3

I've been trying to implement the Visitor Pattern to parse some specific SQL Statements into an internal object structure consisting of TableDefinition and ColumnDefinition objects.

This is a small (stripped down) portion from the grammar:

column_definition
 : column_name datatype? column_constraint*
 ;
 
column_constraint
 : ( K_CONSTRAINT name )?
   ( K_PRIMARY K_KEY ( K_CLUSTERED | K_NONCLUSTERED )? ( K_ASC | K_DESC )?

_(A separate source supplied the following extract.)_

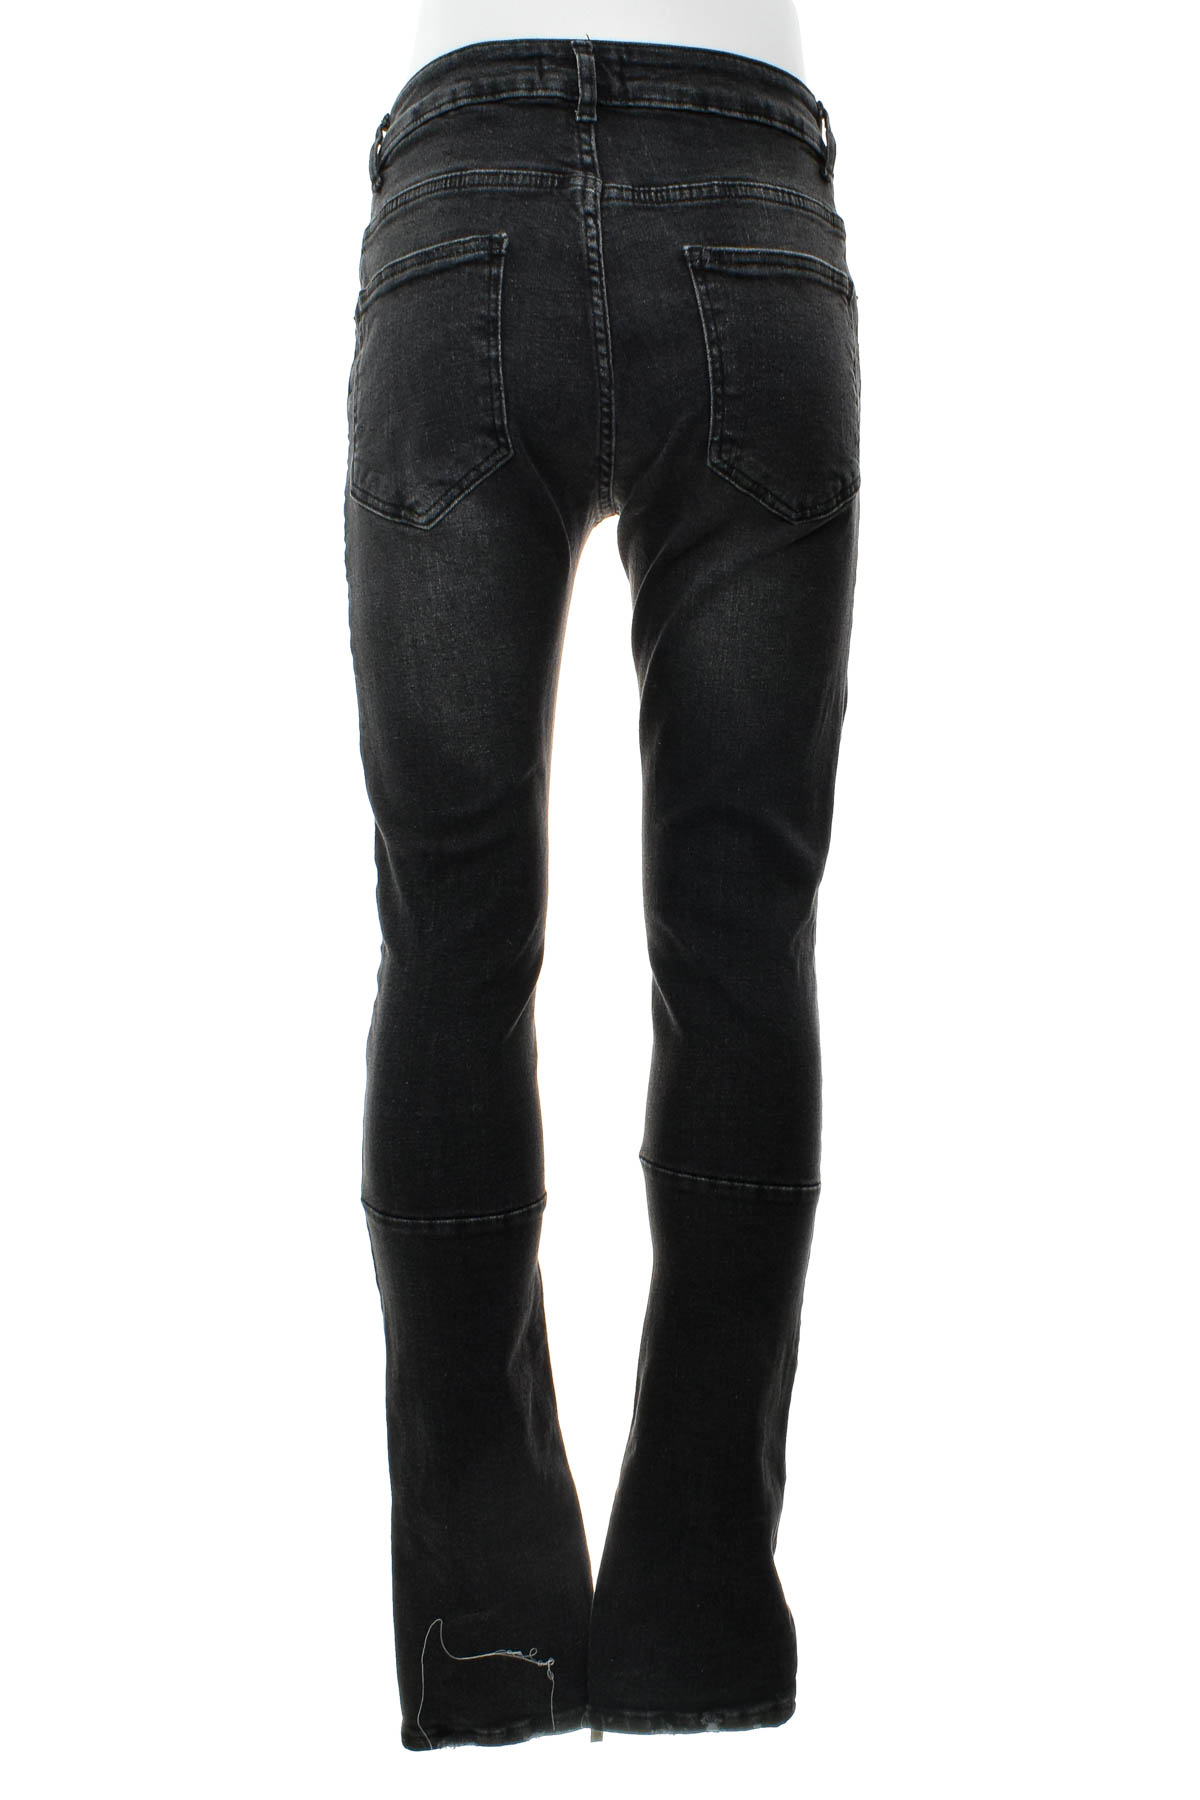 Men's jeans - IKAO - 1

K_AUTOINCREMENT?
   | K_AUTOINCREMENT
   | K_NOT? K_NULL
   )
 ;

datatype
 : K_CHAR ( '(' unsigned_integer ')' )?                                     #char
 | K_DATE                                                                   #date
 ;

And here is one of the derived BaseVisitors which is meant to return ColumnDefinitions:

namespace SqlParser.Visitor
{
    public class DataTypeVisitor: SqlAnywhereParserBaseVisitor<ColumnDefinition>
    {
        public override ColumnDefinition VisitColumn_definition([NotNull] SqlAnywhereParser.Column_definitionContext context)
        {
            var res = VisitChildren(context);
            var constraint = (SqlAnywhereParser.Column_constraintContext[])context.column_constraint();

            if (res != null) // Add NULL attributes
            {
                if (constraint.Any(c => c.K_NULL() != null && c.K_NOT() == null))
                    res.IsNullable = true;

                if (constraint.Any(c => c.K_NULL() != null && c.K_NOT() != null))
                    res.IsNullable = false;
            }

            return res;
        }

        public override ColumnDefinition VisitChar([NotNull] SqlAnywhereParser.CharContext context)
        {
            return new ColumnDefinition()
            {
                DataType = DbType.StringFixedLength,
                Length = int.Parse(context.unsigned_integer()?.GetText() ?? "1") 
            };
        }
   }
}

When I debug the process, I can observe how the call to VisitChildren goes into VisitChar which returns a ColumnDefinition object. When VisitChar completes and the cursor jumps back to continue in VisitColumn_definition the variable res is null.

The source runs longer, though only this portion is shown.